_What you should do_
Only the lines that contain the string "Image" belong in the answer; pull them from the records.

- Opening Delimiter -

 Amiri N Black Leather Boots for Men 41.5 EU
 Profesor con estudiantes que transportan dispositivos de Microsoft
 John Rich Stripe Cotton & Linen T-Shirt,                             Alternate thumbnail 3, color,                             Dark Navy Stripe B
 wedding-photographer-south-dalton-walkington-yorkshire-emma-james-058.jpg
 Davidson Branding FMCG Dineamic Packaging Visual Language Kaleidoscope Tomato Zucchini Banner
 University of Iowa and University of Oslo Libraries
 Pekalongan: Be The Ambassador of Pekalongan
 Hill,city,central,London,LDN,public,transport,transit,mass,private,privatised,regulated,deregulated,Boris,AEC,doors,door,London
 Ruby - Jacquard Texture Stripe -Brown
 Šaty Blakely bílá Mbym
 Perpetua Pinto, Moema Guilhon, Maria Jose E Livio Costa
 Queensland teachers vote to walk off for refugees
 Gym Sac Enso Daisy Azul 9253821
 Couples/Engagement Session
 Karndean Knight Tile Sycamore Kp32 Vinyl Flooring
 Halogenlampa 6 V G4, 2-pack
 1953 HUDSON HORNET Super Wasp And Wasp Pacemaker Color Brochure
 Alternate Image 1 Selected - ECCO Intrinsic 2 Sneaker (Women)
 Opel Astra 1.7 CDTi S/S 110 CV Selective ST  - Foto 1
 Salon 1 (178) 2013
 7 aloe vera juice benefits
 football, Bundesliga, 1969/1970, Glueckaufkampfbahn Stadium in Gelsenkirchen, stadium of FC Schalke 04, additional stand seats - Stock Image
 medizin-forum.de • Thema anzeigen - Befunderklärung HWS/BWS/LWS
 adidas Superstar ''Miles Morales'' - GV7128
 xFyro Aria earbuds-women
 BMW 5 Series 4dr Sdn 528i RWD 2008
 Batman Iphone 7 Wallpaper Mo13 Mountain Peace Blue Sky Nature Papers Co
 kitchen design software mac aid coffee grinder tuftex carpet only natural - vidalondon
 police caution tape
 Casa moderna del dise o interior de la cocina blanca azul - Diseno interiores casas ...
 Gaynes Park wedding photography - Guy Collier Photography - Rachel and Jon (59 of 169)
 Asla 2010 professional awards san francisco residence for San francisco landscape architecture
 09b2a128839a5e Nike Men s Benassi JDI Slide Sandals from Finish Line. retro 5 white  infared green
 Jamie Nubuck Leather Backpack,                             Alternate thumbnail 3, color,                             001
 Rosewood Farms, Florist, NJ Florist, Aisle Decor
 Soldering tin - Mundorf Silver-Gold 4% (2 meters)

- Closing Delimiter -

_Completed task_
 Alternate Image 1 Selected - ECCO Intrinsic 2 Sneaker (Women)
 football, Bundesliga, 1969/1970, Glueckaufkampfbahn Stadium in Gelsenkirchen, stadium of FC Schalke 04, additional stand seats - Stock Image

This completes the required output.